After stomping the water from her boots on that last rainy day of February 1959, Emilienne moved to the back to roll out the cheese rolls and knot the brioche, to shape the sourdough loaves and baguettes. Penelope mixed the dough for the scones and whole-grain breads. By seven AM, the specials of the day were written on the blackboard behind the counter, the smudges wiped clean from the windows, and the first loaves of the day rising in their bread pans. With a razor blade, Emilienne scored each one, listening for the audible sigh that came with each slice, as if the bread had been holding its breath. Emilienne slid the loaves into the oven, then sprayed the hot oven bricks with water to create the steam that helped form a perfect crust on each loaf.

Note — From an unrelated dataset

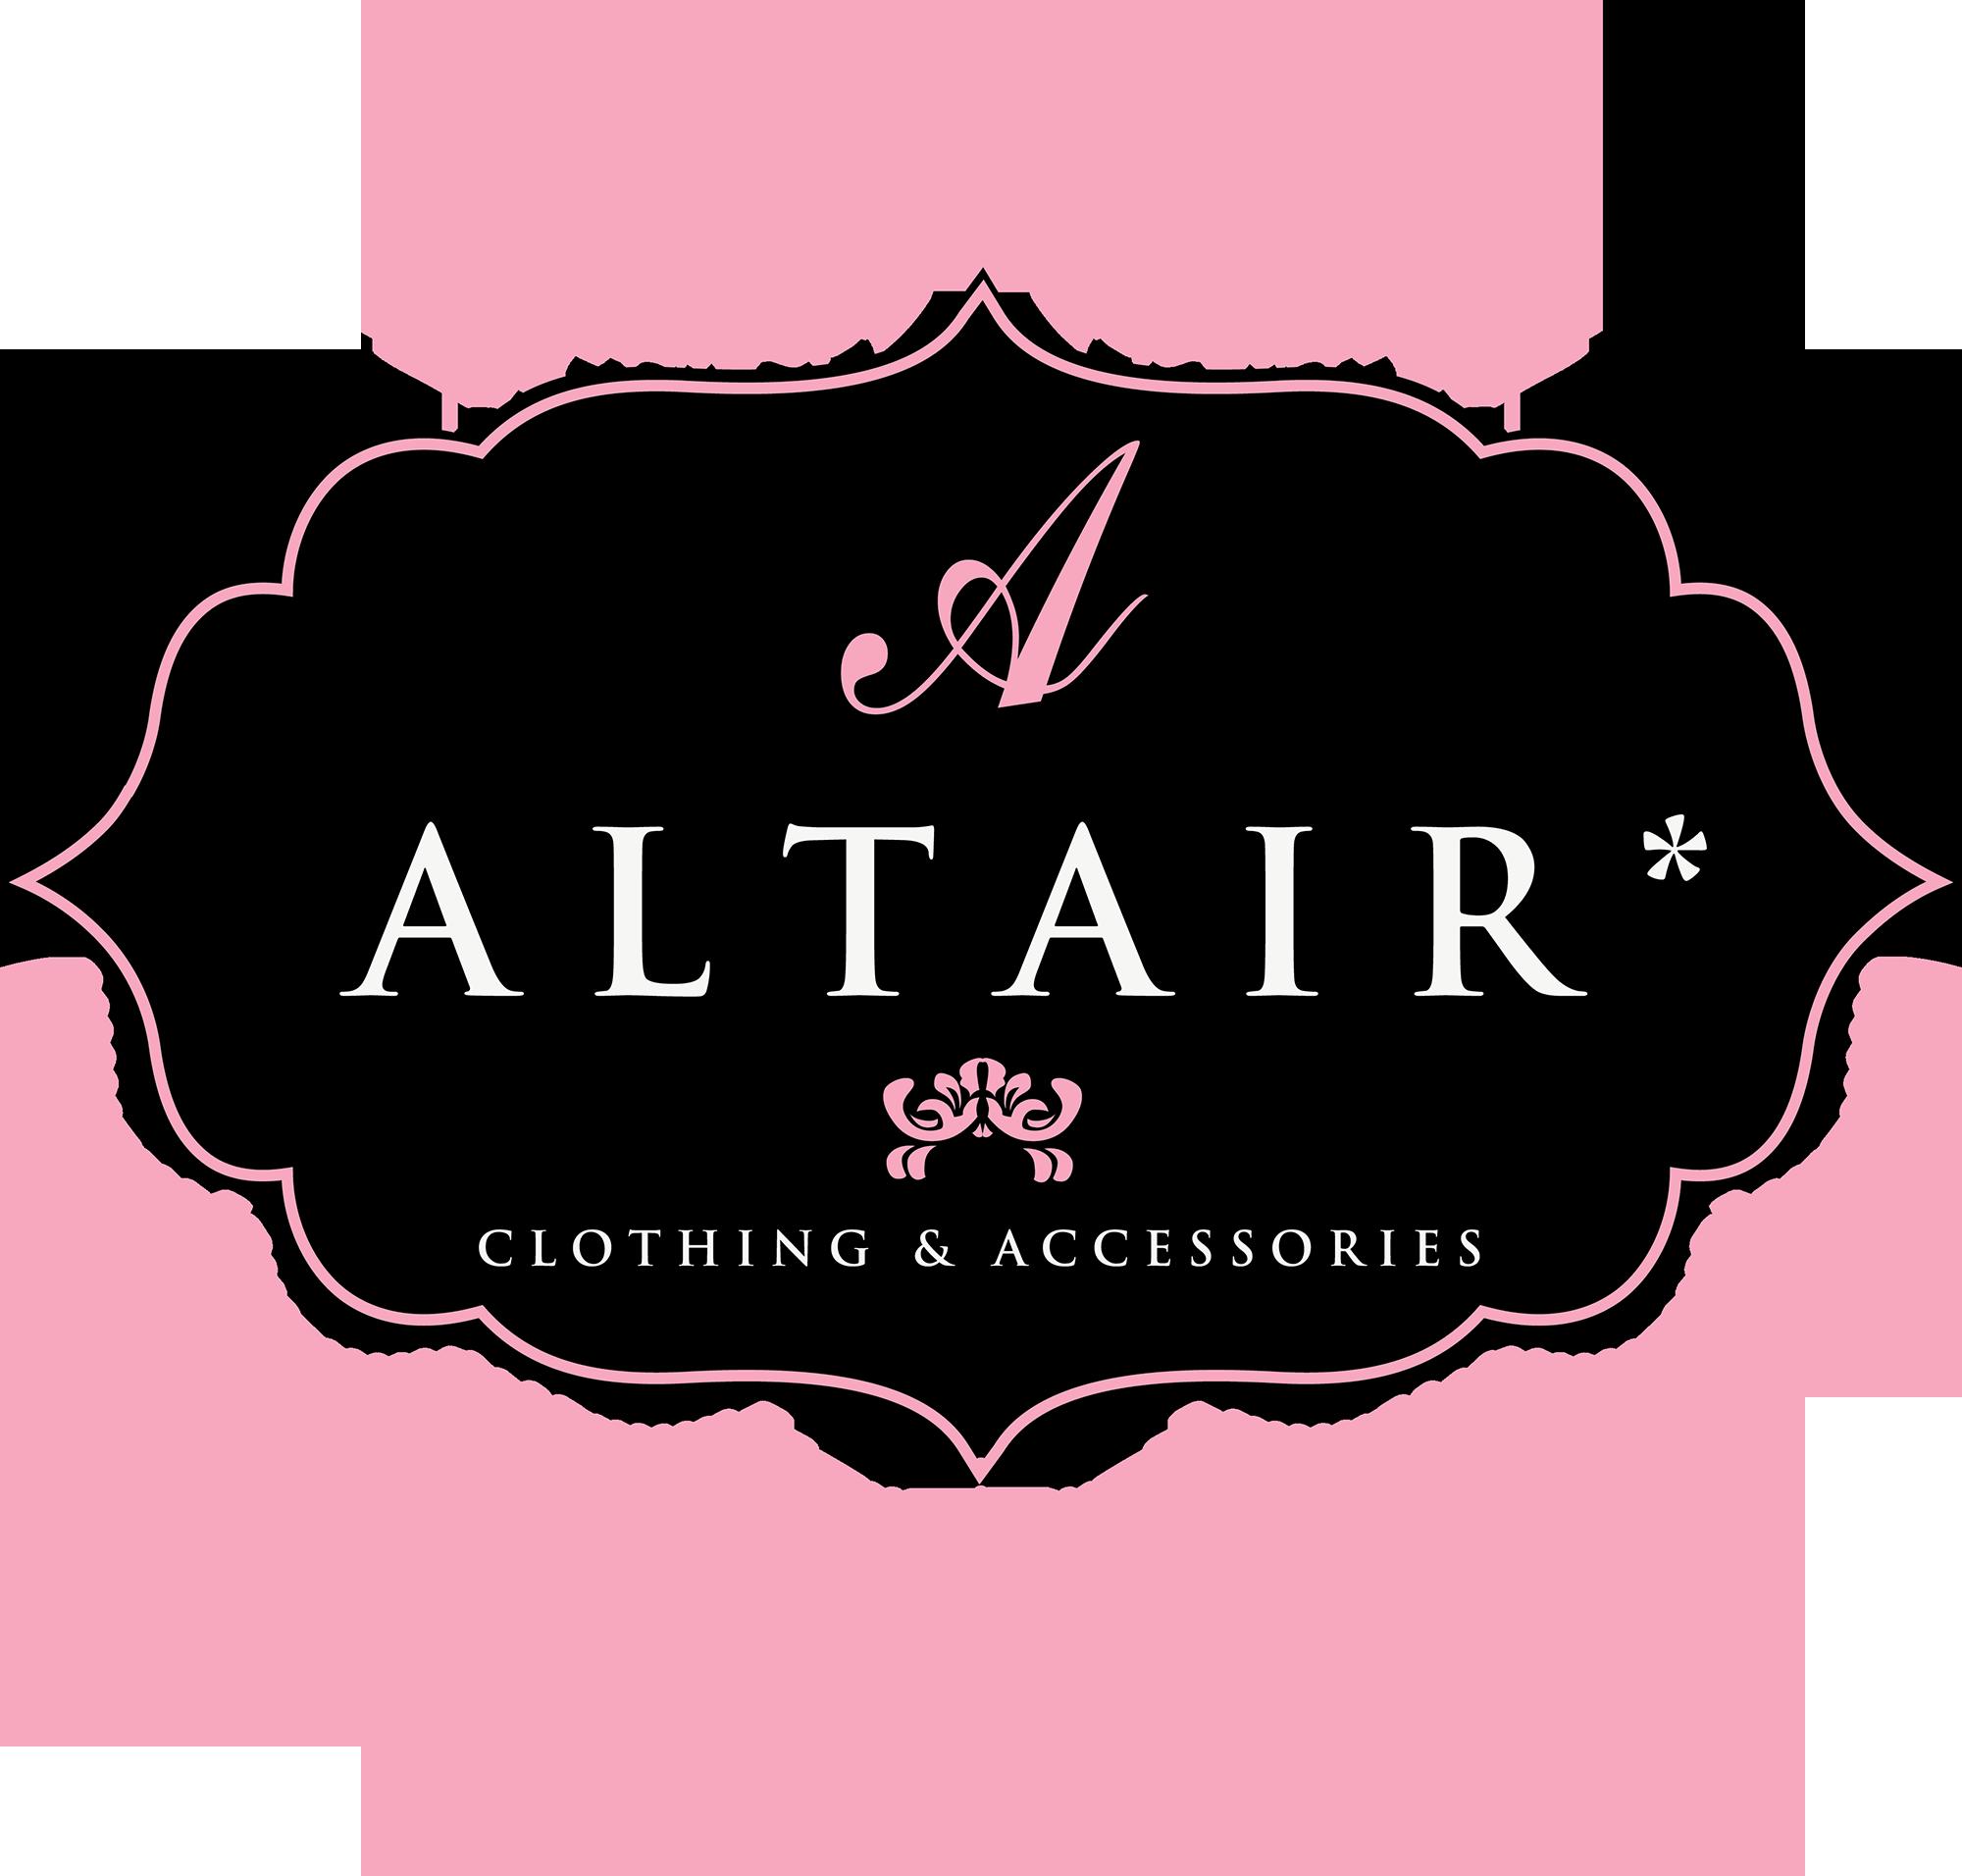 ALTAIR*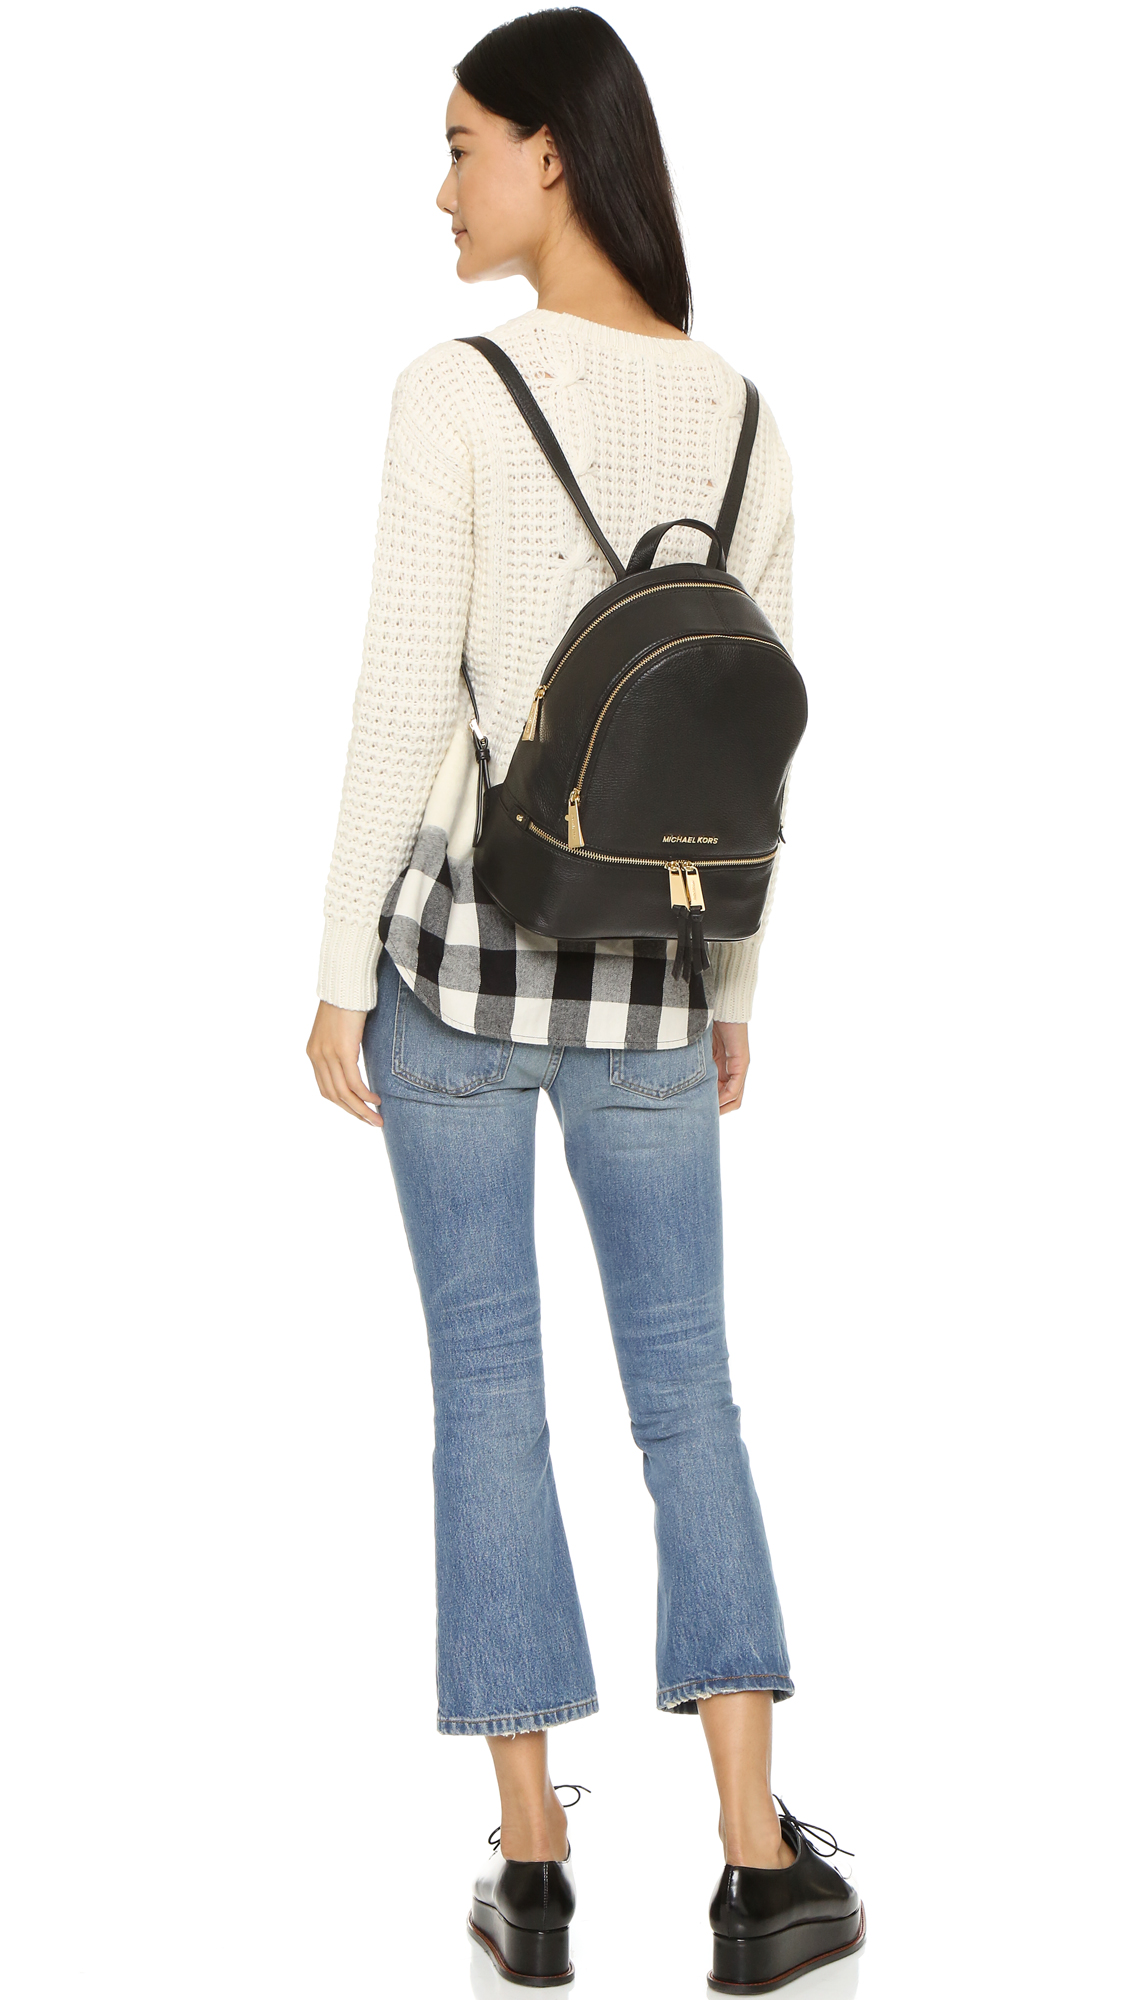 37562ae4d9c2f Buy michael kors small rhea backpack   OFF56% Discounted

Once the display cases were lined with paper doilies, and the breads and pastries put out for sale, Emilienne left Penelope to mind the front counter and joined Wilhelmina in the back, who was busily preparing le dessert du jour. Wilhelmina pulled out a flour sifter, a mixing bowl, and a baking pan. She quickly whipped up batter for a chocolate cake, poured it into the pan, and stuck it in the oven, where it would bake until perfect, the knife coming out clean on the first try.

The secret to a good chocolate cake had nothing to do with the actual cake. No, the secret was in the icing, and caramel frosting was Emilienne’s specialty. It was the cream, the cream that could make it too heavy or too thin. With just the right amount of cream, she could make the frosting so enticing, so divinely rich and sweet, that it caused people to laugh out loud with just one lick off a finger.

On that last day of rain, while the chocolate cake was baking, Emilienne was pouring the cream for the caramel frosting with one hand and whisking with the other when she heard the jangle of the bells on the door. Marigold Pie had come into the shop for one of her regular penitential visits.

A devout member of the Lutheran church, Marigold Pie was always the first to dutifully welcome new neighbors. When the Lavenders moved onto Pinnacle Lane (before the whispers of witch followed my grandmother wherever she went), it was practical Marigold Pie who helped the baker’s young wife get rid of the fire ants in the pantry and remove the hornet’s nest from the porch eaves. In church Marigold read along from her red leather Bible with the weekly Scripture passages, and for longer than anyone could remember, she had been in charge of the confirmation classes. Helpful, capable, but hardly known for being personable, she objected to interfaith marriage, coffee stains on white gloves, and any form of appetite, food-related or otherwise. Fellow parishioners used to joke that Marigold slept in a position that vaguely emulated the Crucifixion. And they were right.

The night before her wedding night, a young Marigold painstakingly embroidered the nuptial sheets with tiny indecipherable doves and lambs, hoping to evoke Ines del Campo, Catholic saint of betrothed couples, bodily purity, and rape victims. She was intimate with her husband only while using that sheet, revealing to him only the parts of her body necessary for such an act. They never had any children.

After her husband’s death, Marigold lived on a diet of oatmeal, which she ate raw, and tall glasses of skim milk. She never licked the spoon after making cookies or dipped her finger in the frosting of a child’s birthday cake. She weighed a whopping seventy-five pounds. She shopped for her own clothing in the children’s department at the Bon Marché downtown and weighed her shoes down with pebbles on windy days.

Emilienne considered her own shape. She’d always been tall and thought she’d grown quite nicely into her height with age. Her once-pointed chin had developed a slight roundness, and her arms had become nice and soft, which she easily maintained with the occasional cinnamon bun or sugar cookie. She wouldn’t give up that ripeness for anything, especially not Marigold’s teacake-size breasts.